On Thursday, SpaceX confirmed the price of its initial public offering at $135 per share, making official what had already been clear since the company filed to go public last month: Elon Musk’s space exploration company, which merged with xAI – Musk’s AI firm – in February, will go public in what is by far the largest IPO of all time. At the set price, SpaceX will raise $75 billion at a valuation of $1.77 trillion, exceeding the previously largest IPO, that of Saudi Aramco in 2019, by a factor of 2.5. The total proceeds could even climb to more than $86 billion, if underwriters make use of their 30-day option to purchase an additional 83 million shares at the same price.
SpaceX will start trading on Nasdaq today and, following a rule change, it will become part of the Nasdaq-100 index in early July. This is possible because Nasdaq recently introduced a “Fast Entry” rule, under which a newly listed company with a market capitalization that puts it in the top 40 of current index constituents would be added to the index after just fifteen trading days and be exempt from seasoning and liquidity requirements.

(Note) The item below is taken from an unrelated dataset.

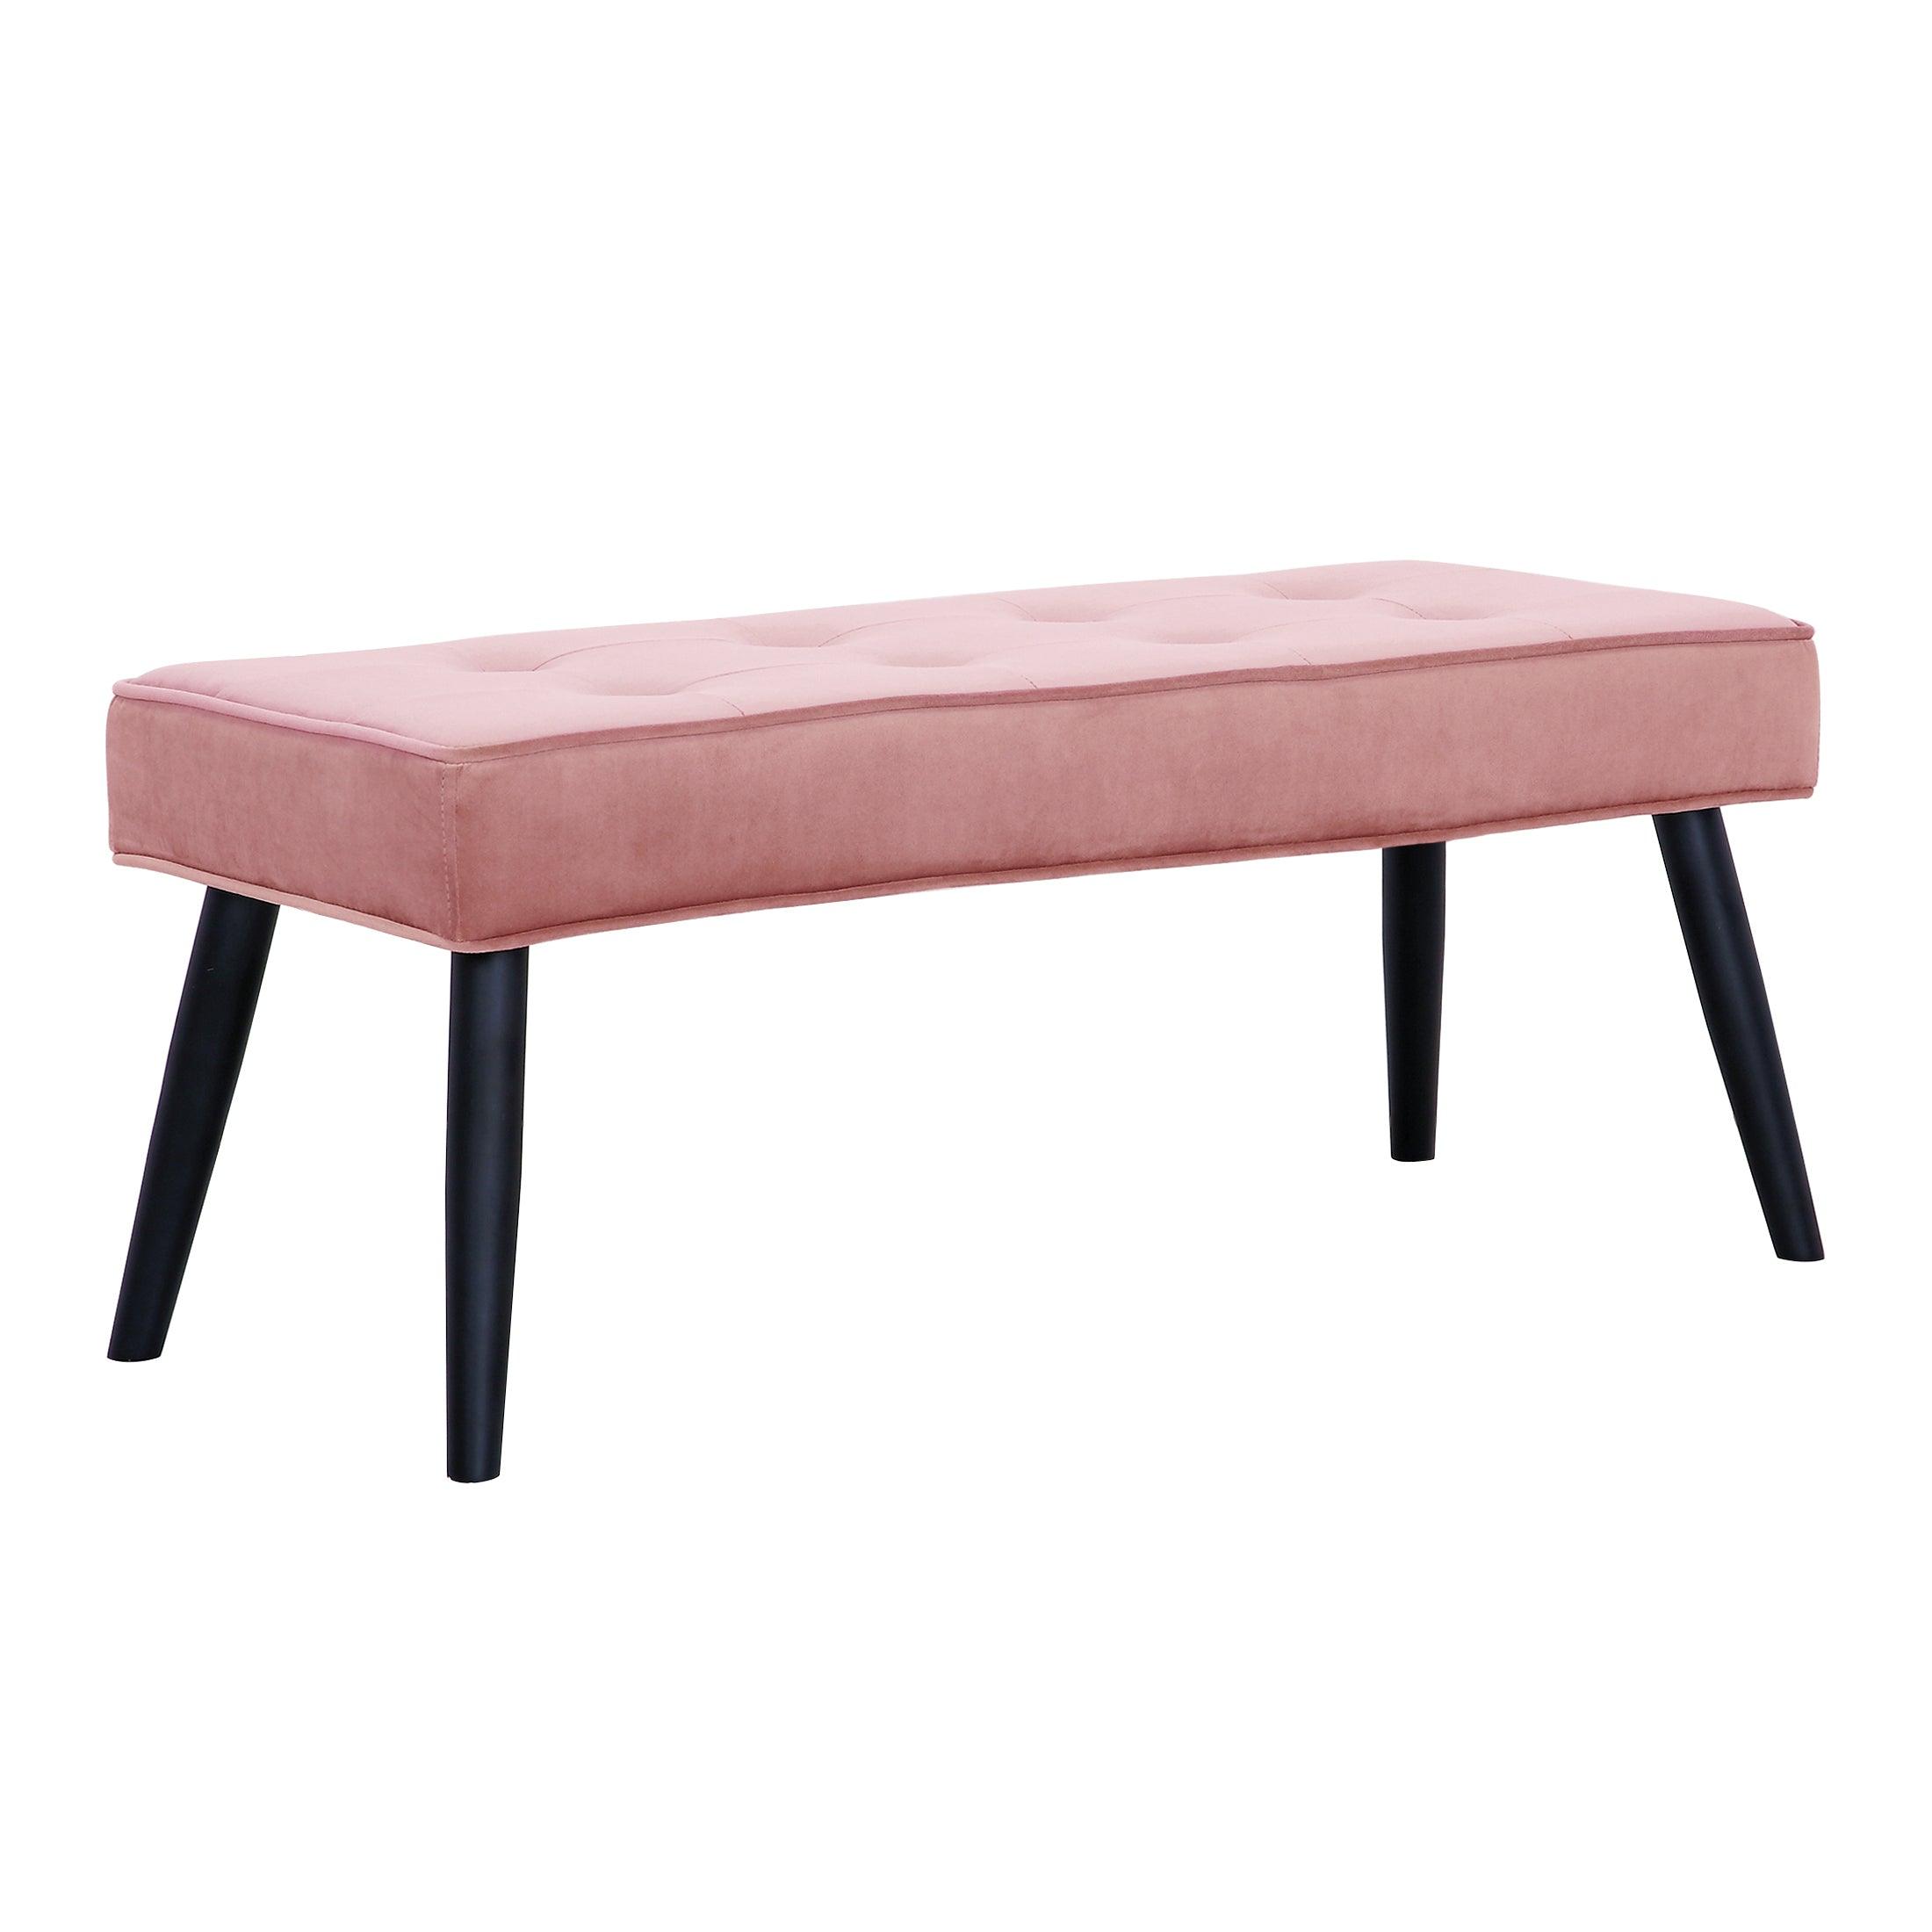 Alaia Tufted Velvet Upholstered Bench - Costaelm

While that may not sound like a big deal, it kind of is in this special case. Due to Elon Musk’s divisive persona and SpaceX’s lofty IPO valuation, which many say defies logic, many investors will abstain from investing in SpaceX. Once the stock is included in the Nasdaq-100, however, countless retail investors, who have index-tracking ETFs in their portfolios, will become SpaceX investors, whether they like it or not. For SpaceX, its shareholders and IPO investors, this is an added safety net, because once the stock becomes part of the Nasdaq-100, index-tracking funds will buy billions of dollars’ worth of SpaceX shares, mechanically creating huge demand for what looks like a very risky investment.
The S&P 500, meanwhile, has rules in place that will likely prevent SpaceX from joining the index anytime soon. To be eligible for S&P 500 inclusion, a company must have a public float of at least 10 percent of its total outstanding shares – a hurdle that SpaceX doesn’t clear. Even more importantly, though, the S&P 500 requires profitability. A company that wants to be included in the index must have positive GAAP earnings in the most recent quarter and in its past four quarters combined – neither of which SpaceX has achieved.